Quien sabe del horror está al tanto de que no se trata de un estado específico de la noche.
Pilar Adón es autora de una obra extensa desde hace más de veinte años (El mes más cruel, La vida sumergida, Da dolor, Las efímeras, Las órdenes), pero muchos hemos llegado a ella a raíz de De bestias y aves, la última de sus novelas, publicada el pasado 2022 en Galaxia Gutenberg, que ha recibido el Premio de la Crítica en castellano, el Francisco Umbral al Libro del Año y el Premio Cálamo Otra Mirada y que le ha valido a su autora el Nacional de Narrativa.
Tienen en común, esos textos, una visión implacable de la vida, abierta al misterio pero, sobre todo, a las sensaciones claustrofóbicas, y un manejo de la extrañeza y la ambigüedad que se extiende al conjunto de sus tramas, y no a determinados episodios; así ocurre, también, en De bestias y aves, una novela narrada desde el aparente realismo, donde no tienen cabida ni sucesos ni personajes que, de entrada, pudiéramos calificar como fantasiosos, pero que nos sume continuamente en la duda en torno a nuestra interpretación de lo leído, la cordura de la protagonista, los puntos de inicio y fin de su viaje o la perversidad o inocencia de la convivencia allí donde se encuentra.
Coro es pintora y en un cambio de estación, al final del verano -momento que aquí se nos presenta propicio a desestabilizarnos, como algunos vientos-, emprende viaje en coche, sin móvil ni llaves, sin rumbo concreto, pero con retratos de su hermana, ahogada, en el maletero. Tras horas conduciendo, sumida en pensamientos desorientados, está a punto de quedarse sin gasolina y acaba aparcando frente a una casa aislada imposible de ubicar para ella y para el lector. Ante un mínimo anuncio de ayuda con el combustible, entra en la vivienda, que sabremos que se llama Betania y que habitan varias mujeres, de distintas edades y labores; algunas, las que parecen llevar la voz cantante, poco interesadas en dejarle salir, como si el haber aparecido frente a su puerta fuera una señal del destino. Incluso tendremos la sensación de que la conocen, por más que a veces la llamen la nueva.
Trata Coro de no vestirse como ellas, todas iguales, y de no acompañarlas en sus salidas, aunque le venga bien el aire, como ejercicio de resistencia y para no desatender, ni siquiera hacia ella misma, su deseo de escapar; pero el paso de los días, la confusión y la dependencia de sus compañeras van mitigando sus defensas y acentuando un cierto sentido de pertenencia a una comunidad que aparenta compartir ritos y cultos, quién sabe si arcaicos; que se cuida aunque sea sin dulzura y que comparte su día a día con perros y cabras, también con la visión de una enorme roca que oculta el sol. Llegaremos a tener razonables sospechas de que Betania no les pertenece, al ser reclamada por un individuo llamado Tobías Mos, que en principio la protagonista tiene por su salvador y que acabará teniendo inquietante final; en todo caso, el centro narrativo de esta historia es ese proceso de Coro, de adaptación primero y de inmersión después, en una colectividad reglada -ya presente en relatos anteriores de Adón- cuyas maneras, horarios y restricciones tendrá que asumir, venciendo el que en principio es el primero de sus propósitos, uno individual: marcharse.

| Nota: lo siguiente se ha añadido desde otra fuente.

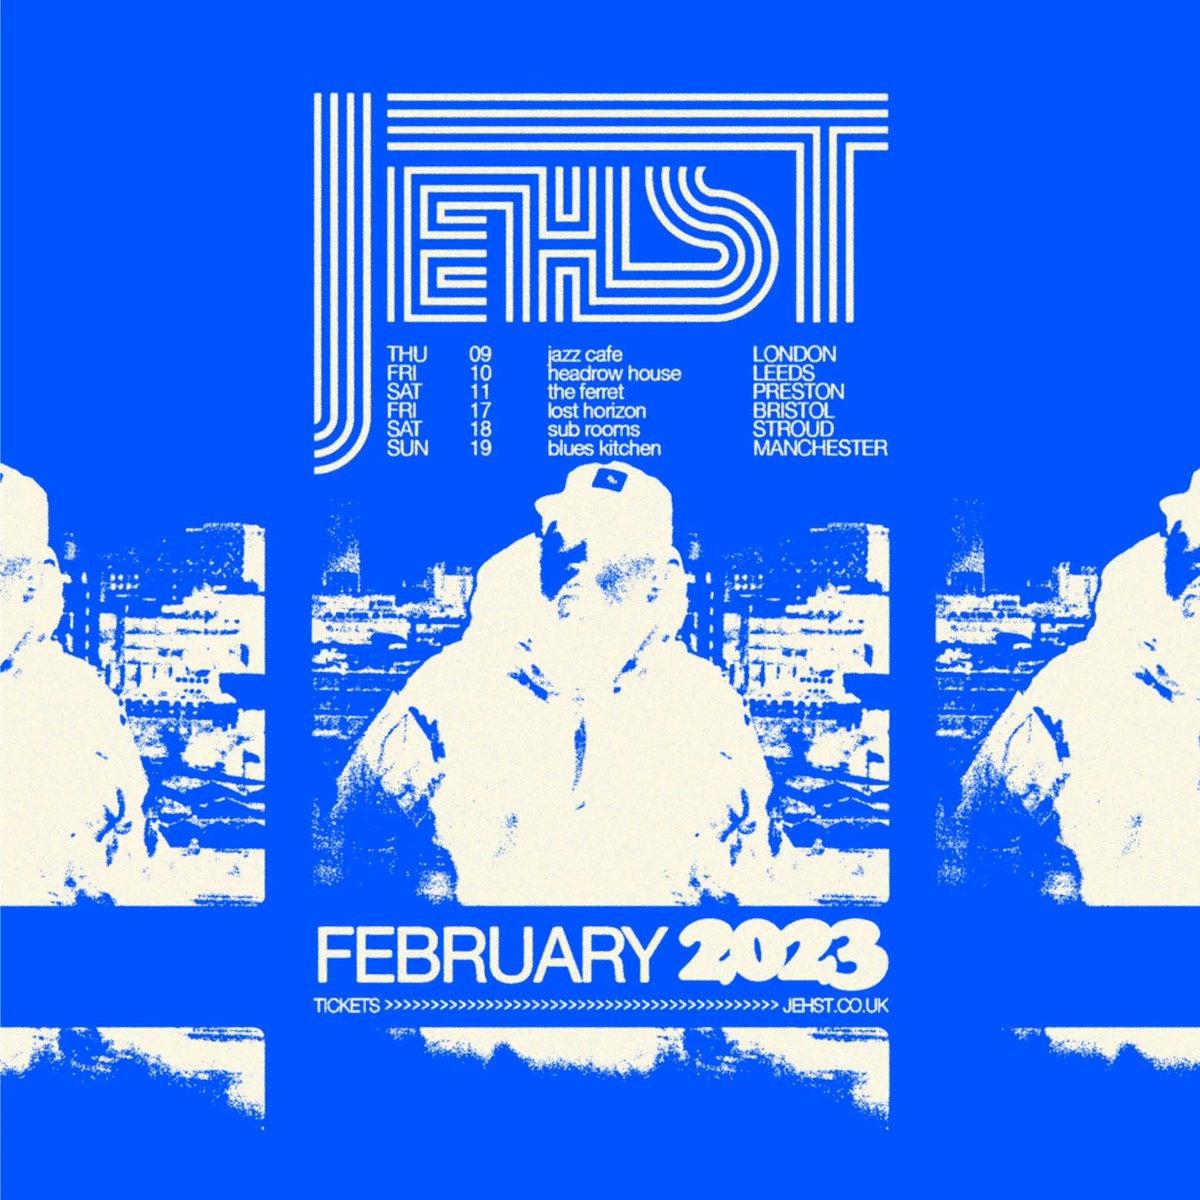 NEW SHOW Super excited to welcome back a true legend of the game... @jehstofficial plays @headrowhouse on Friday 10 February 💙 Tickets on sale now 👀

No se trata de un proceso armónico ni dulce, sino angustioso hasta los últimos compases, tanto por la cerrazón de su entorno a la salida voluntaria como por el estado de la mujer, agotada mentalmente, casi obsesionada con mantener el control de cuanto la rodea e incapaz de hacerlo, y de tomar decisiones prácticas. Mientras las aves del título sobrevuelan sus cabezas, ella hallará en la casa y en el lago que establece las fronteras de su terreno un lugar del que formar parte, en el que dar asiento a su pensamiento, pero las páginas, el tiempo, hasta llegar a aquel momento será más una guerra fría que un camino espiritual, pese a que tanto el agua como los elementos naturales ejerzan distintos roles simbólicos.
Esta novela tiene tanto de viaje iniciático como de relato de terror, de fábula en la que la individualidad es apaciguada, la pérdida nunca deja de experimentarse y la soledad y la culpa se viven en compañía pero nunca se pierden.